EXERCISE AIM
Where the line with "Carnicería El Manchego" appears below, start writing out lines exactly, and finish with the line with "屋久島への行き方(アクセス)や観光マップとベストシーズン", which is included; write out nothing else.

==========

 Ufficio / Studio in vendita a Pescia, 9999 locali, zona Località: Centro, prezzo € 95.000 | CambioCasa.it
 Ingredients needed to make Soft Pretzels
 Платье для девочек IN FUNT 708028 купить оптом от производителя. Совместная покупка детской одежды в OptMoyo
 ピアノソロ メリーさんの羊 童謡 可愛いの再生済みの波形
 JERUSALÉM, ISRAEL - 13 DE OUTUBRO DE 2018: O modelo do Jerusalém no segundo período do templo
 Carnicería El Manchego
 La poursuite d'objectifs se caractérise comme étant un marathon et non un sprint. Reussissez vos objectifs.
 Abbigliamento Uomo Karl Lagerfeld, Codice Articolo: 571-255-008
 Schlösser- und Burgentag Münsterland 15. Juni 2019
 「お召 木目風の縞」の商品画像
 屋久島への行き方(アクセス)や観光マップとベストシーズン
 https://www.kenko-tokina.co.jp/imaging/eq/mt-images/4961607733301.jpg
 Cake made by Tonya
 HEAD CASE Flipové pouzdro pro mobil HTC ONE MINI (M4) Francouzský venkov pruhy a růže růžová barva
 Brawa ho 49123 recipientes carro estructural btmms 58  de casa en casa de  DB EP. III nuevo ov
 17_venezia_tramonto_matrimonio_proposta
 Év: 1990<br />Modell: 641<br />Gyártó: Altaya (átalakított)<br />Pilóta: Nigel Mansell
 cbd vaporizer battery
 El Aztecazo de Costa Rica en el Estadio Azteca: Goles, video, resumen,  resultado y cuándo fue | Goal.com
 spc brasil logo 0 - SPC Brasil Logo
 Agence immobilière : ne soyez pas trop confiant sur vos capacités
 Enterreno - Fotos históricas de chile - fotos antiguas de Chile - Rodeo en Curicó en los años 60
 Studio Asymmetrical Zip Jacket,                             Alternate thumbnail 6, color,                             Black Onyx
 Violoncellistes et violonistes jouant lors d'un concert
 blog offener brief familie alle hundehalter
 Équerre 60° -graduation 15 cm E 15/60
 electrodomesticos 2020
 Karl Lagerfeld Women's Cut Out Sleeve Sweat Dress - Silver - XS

==========

OUTPUT
 Carnicería El Manchego
 La poursuite d'objectifs se caractérise comme étant un marathon et non un sprint. Reussissez vos objectifs.
 Abbigliamento Uomo Karl Lagerfeld, Codice Articolo: 571-255-008
 Schlösser- und Burgentag Münsterland 15. Juni 2019
 「お召 木目風の縞」の商品画像
 屋久島への行き方(アクセス)や観光マップとベストシーズン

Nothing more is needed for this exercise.